#### Extracted records

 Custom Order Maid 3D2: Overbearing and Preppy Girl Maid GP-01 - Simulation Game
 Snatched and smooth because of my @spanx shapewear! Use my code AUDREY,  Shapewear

---

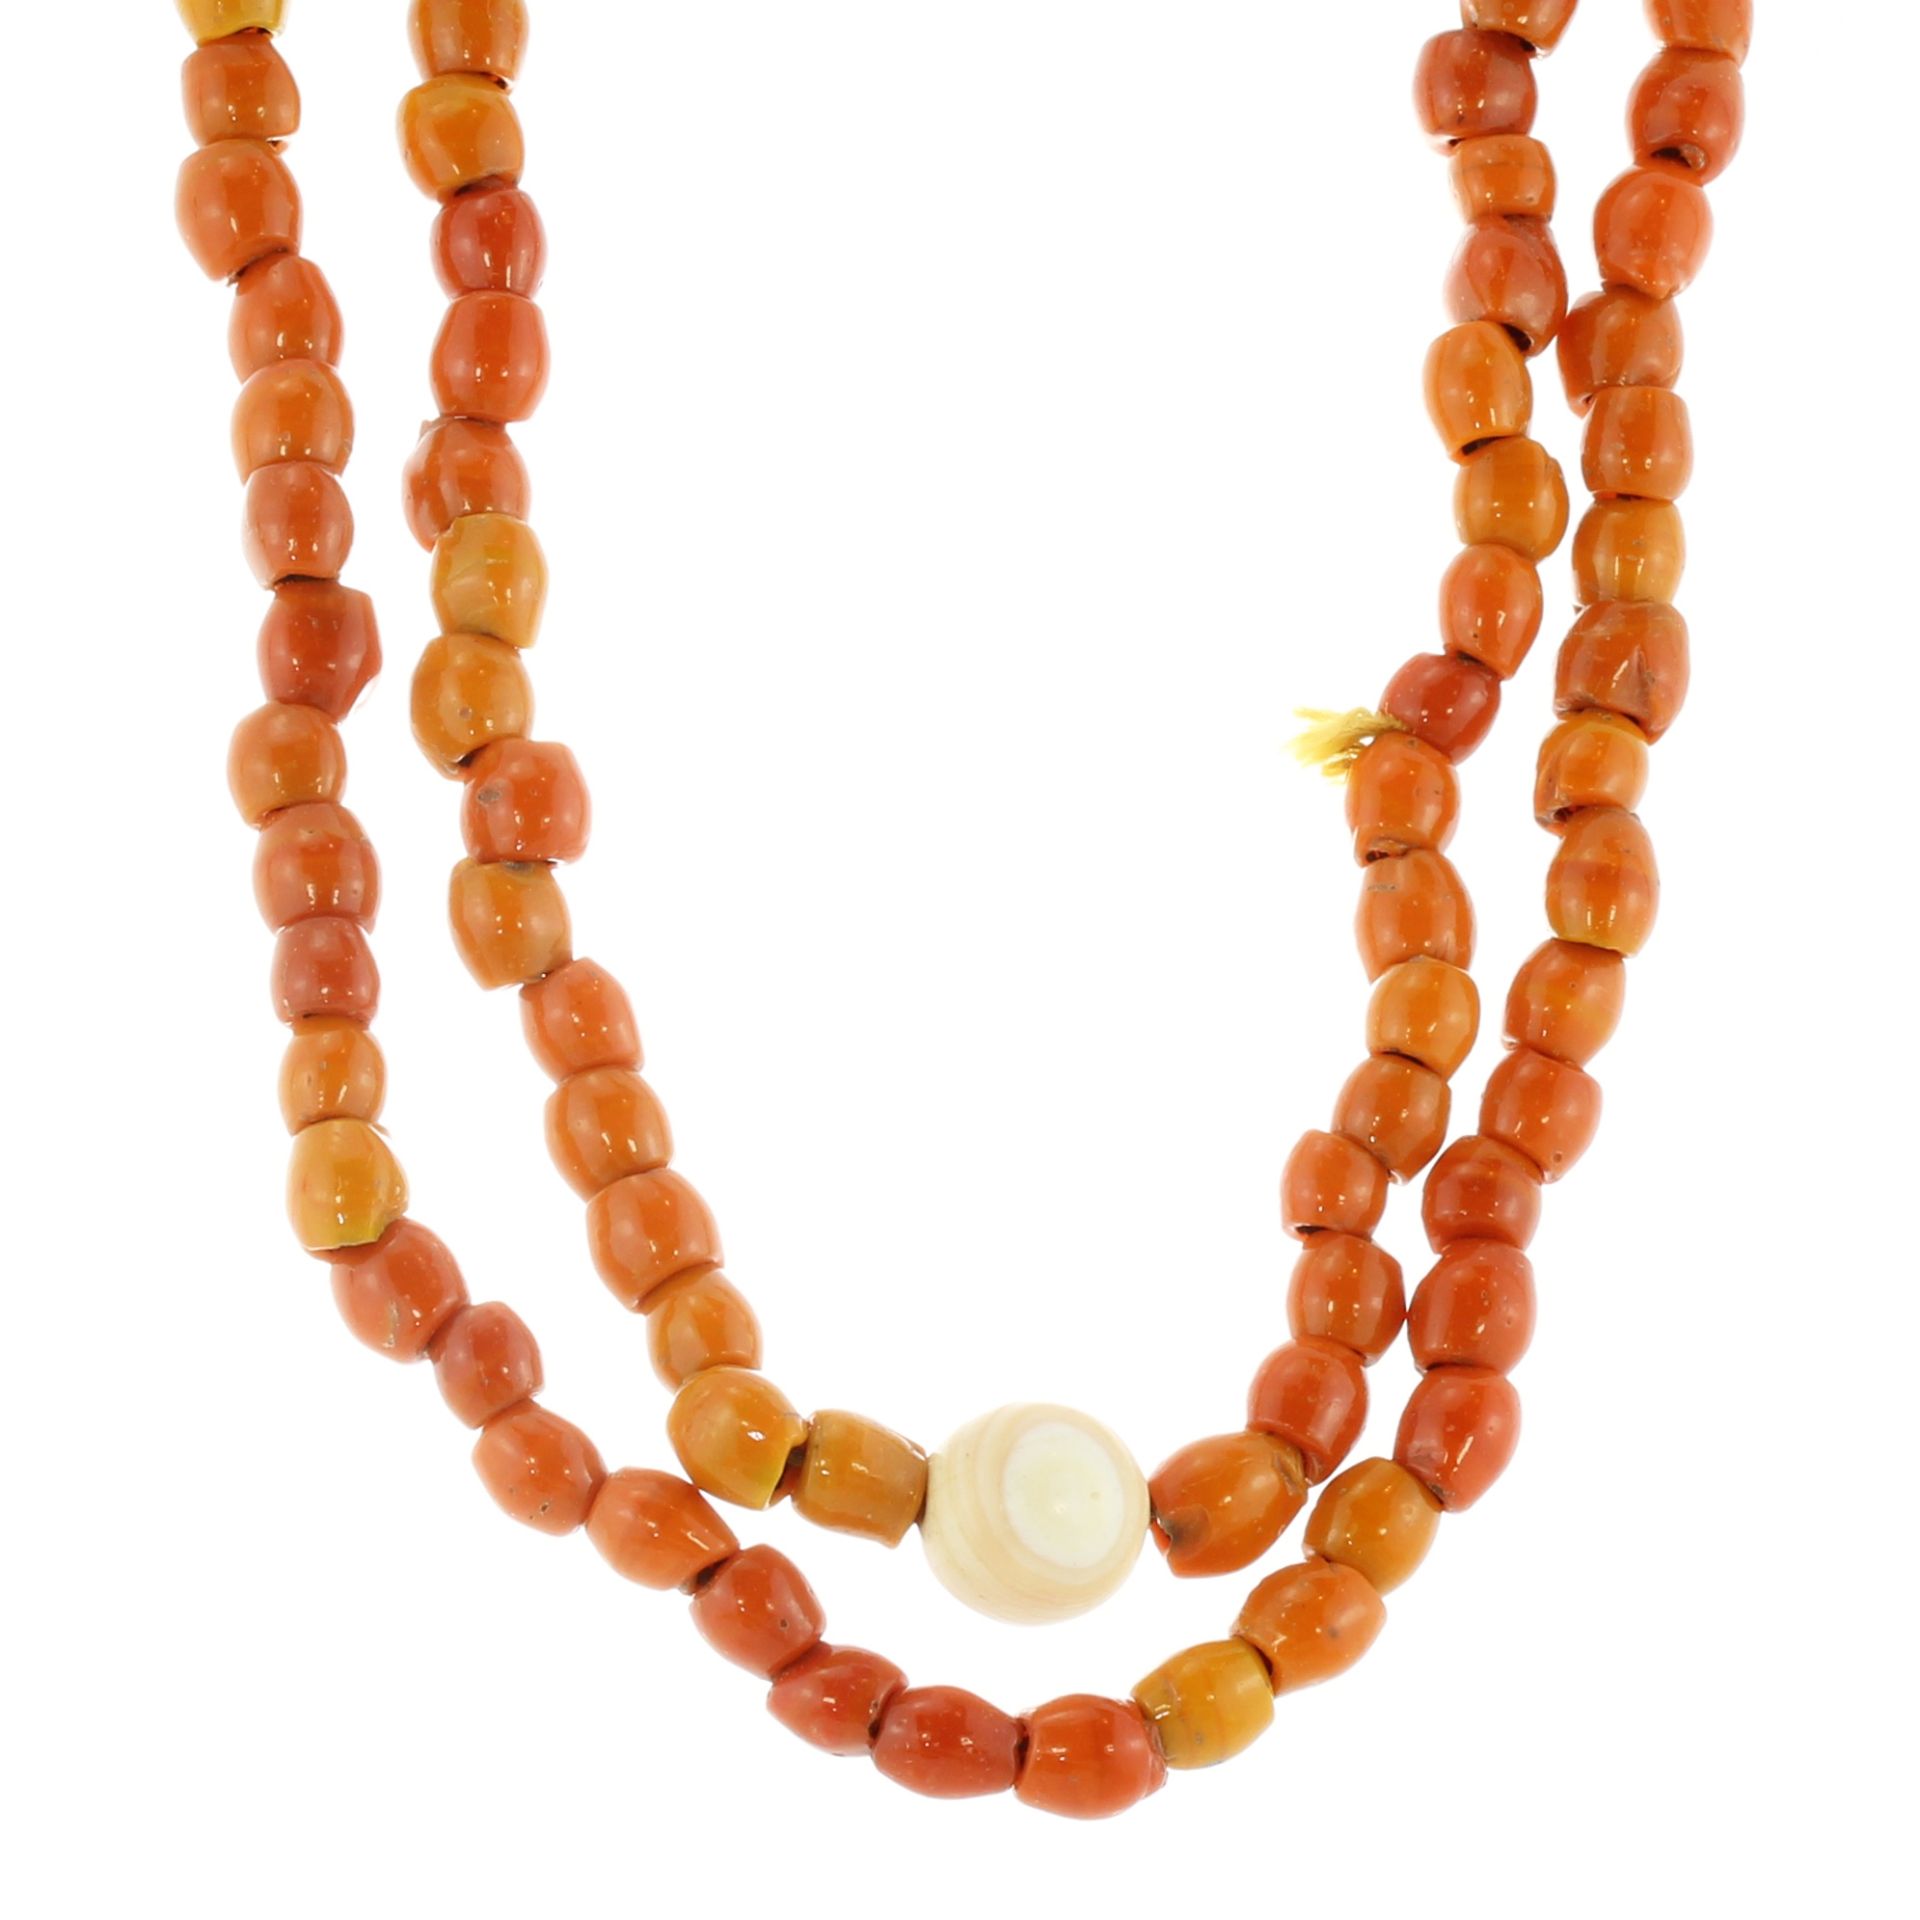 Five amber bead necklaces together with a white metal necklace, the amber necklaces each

#### What needs to be done
All that is wanted is an exact copy of the lines above from the one with "Custom Order Maid" through the one with "Snatched and smooth", with both ends included.

#### Output
 Custom Order Maid 3D2: Overbearing and Preppy Girl Maid GP-01 - Simulation Game
 Snatched and smooth because of my @spanx shapewear! Use my code AUDREY,  Shapewear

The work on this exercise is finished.